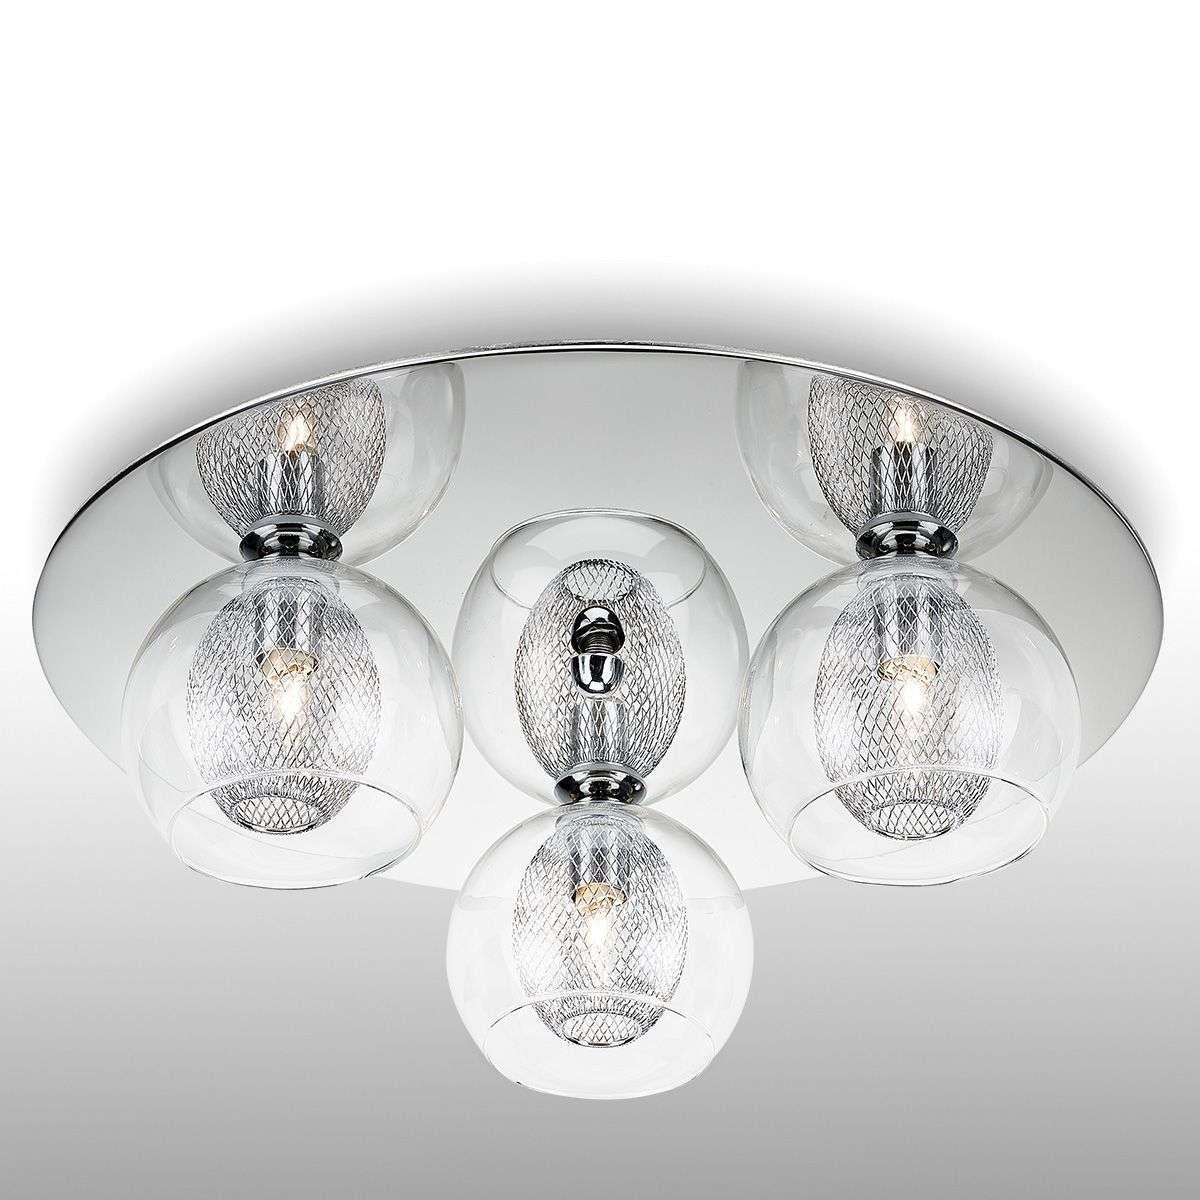 Three Bulb Coda Ceiling Light 7531694 31
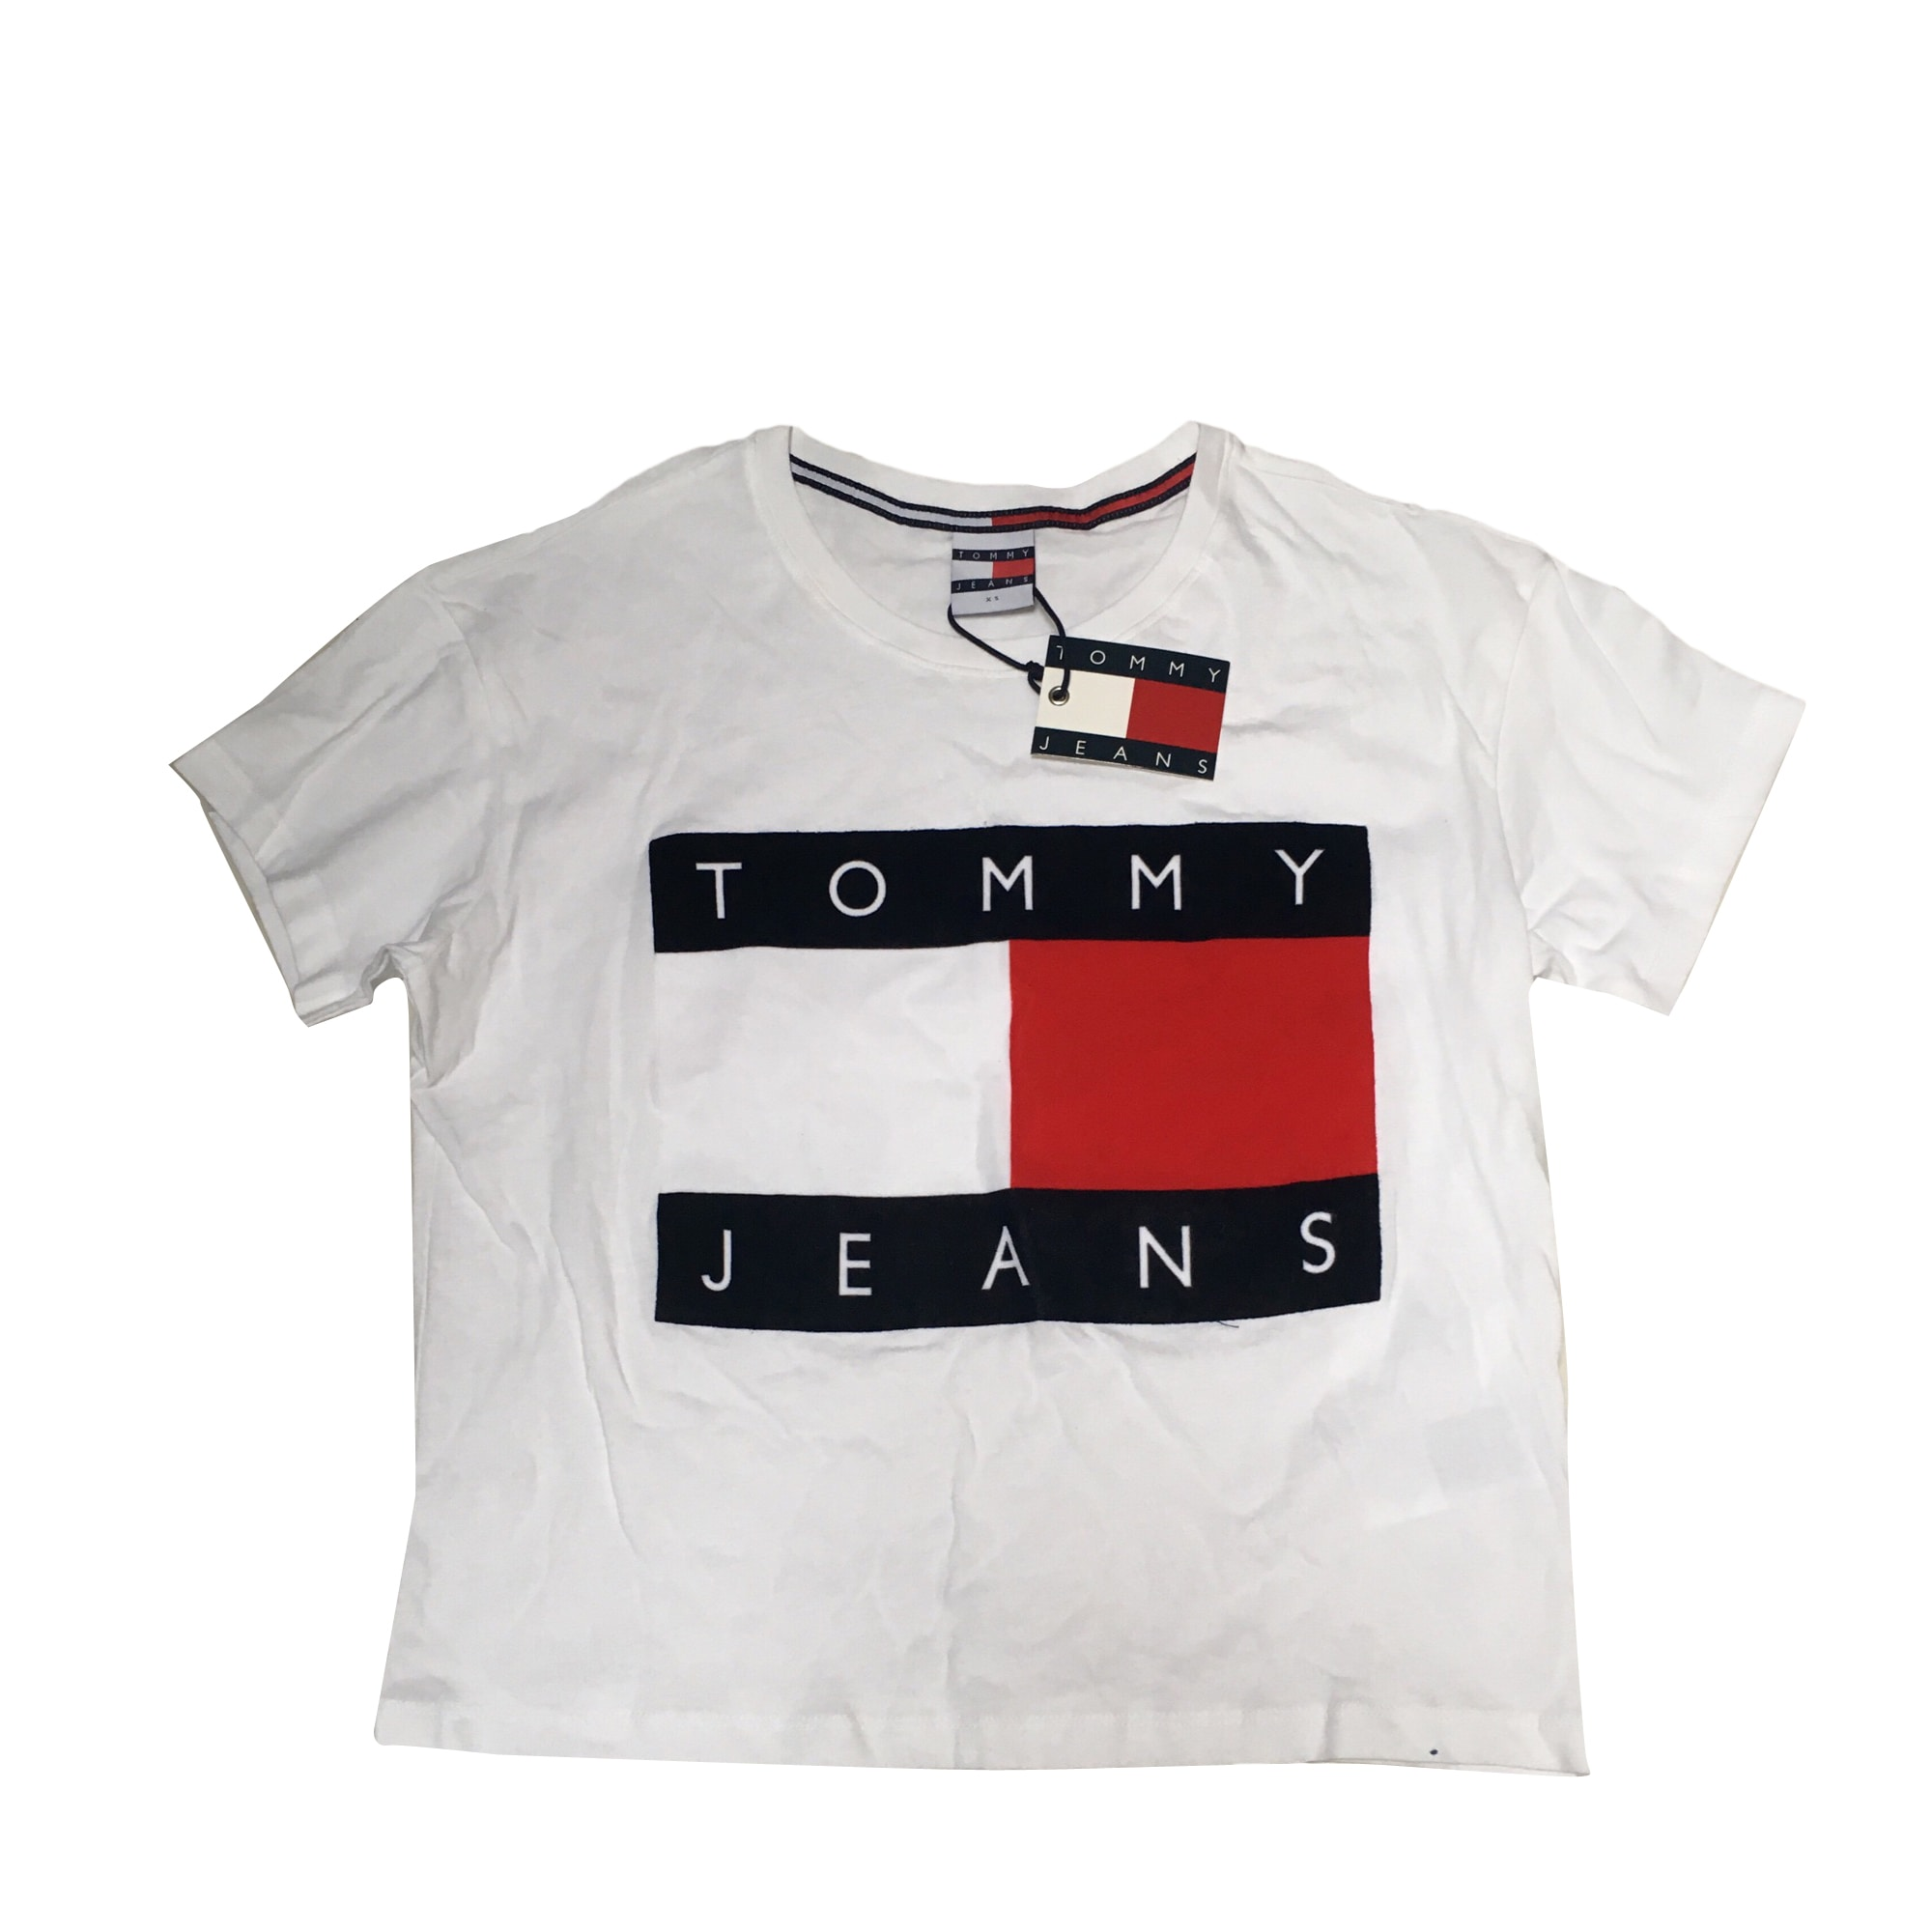 top t shirt tommy hilfiger 34 xs t0 white vendu par luxembourg26 7381418. Black Bedroom Furniture Sets. Home Design Ideas
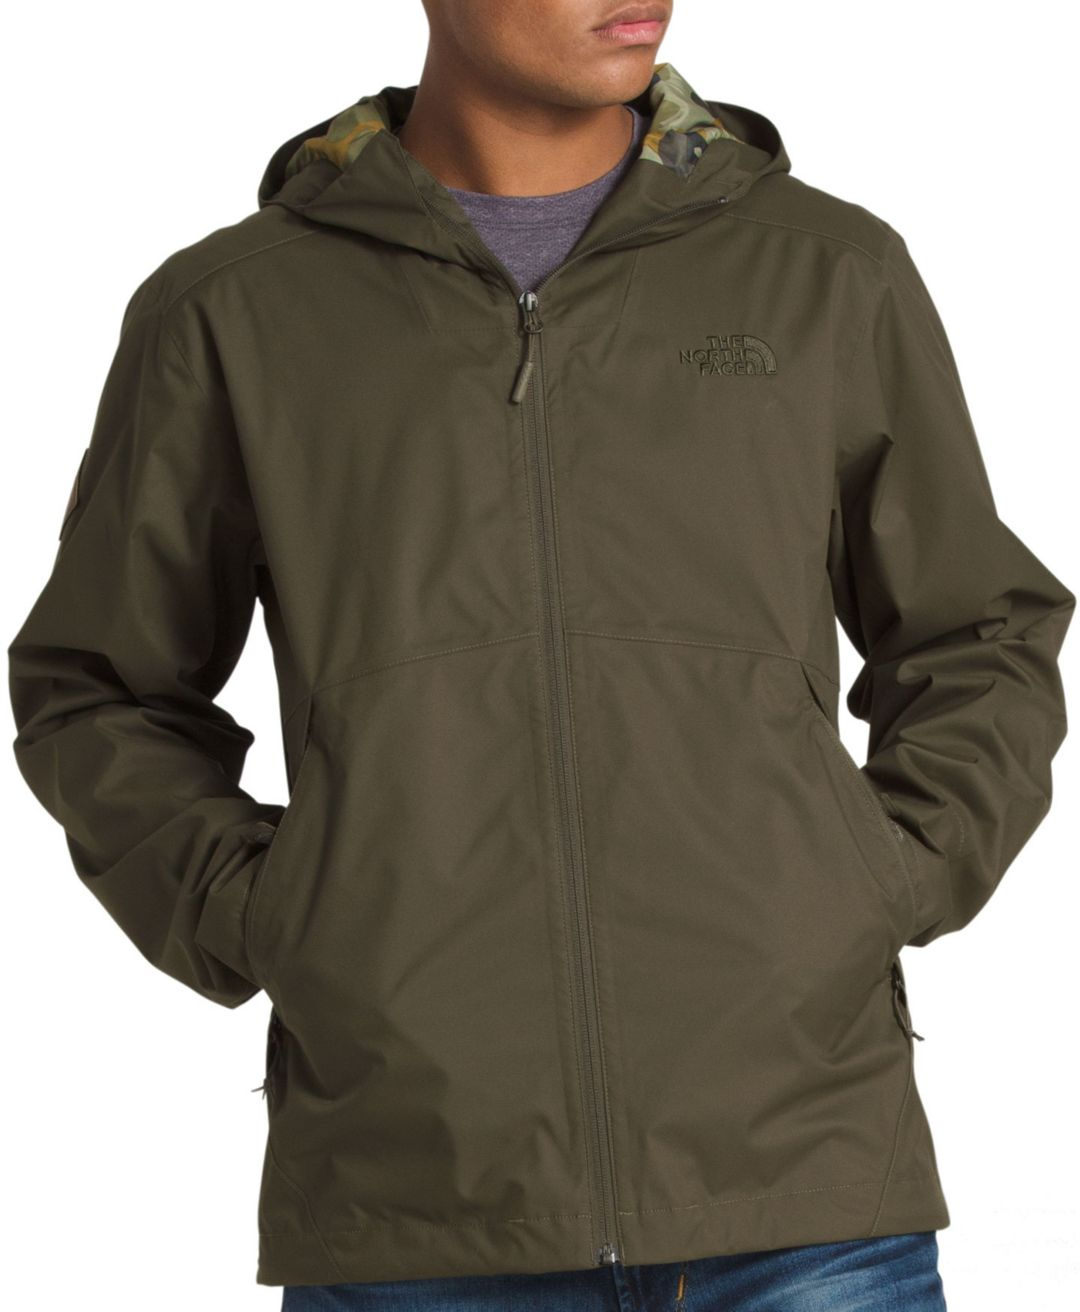 0dc57bac3c405 The North Face Men's Millerton Rain Jacket | DICK'S Sporting Goods
---
-- Task objective --
Would you copy out every line of the data above exactly, minus the pictures?

-- Response to the task --
 Three Bulb Coda Ceiling Light 7531694 31
 top t shirt tommy hilfiger 34 xs t0 white vendu par luxembourg26 7381418. Black Bedroom Furniture Sets. Home Design Ideas
 0dc57bac3c405 The North Face Men's Millerton Rain Jacket | DICK'S Sporting Goods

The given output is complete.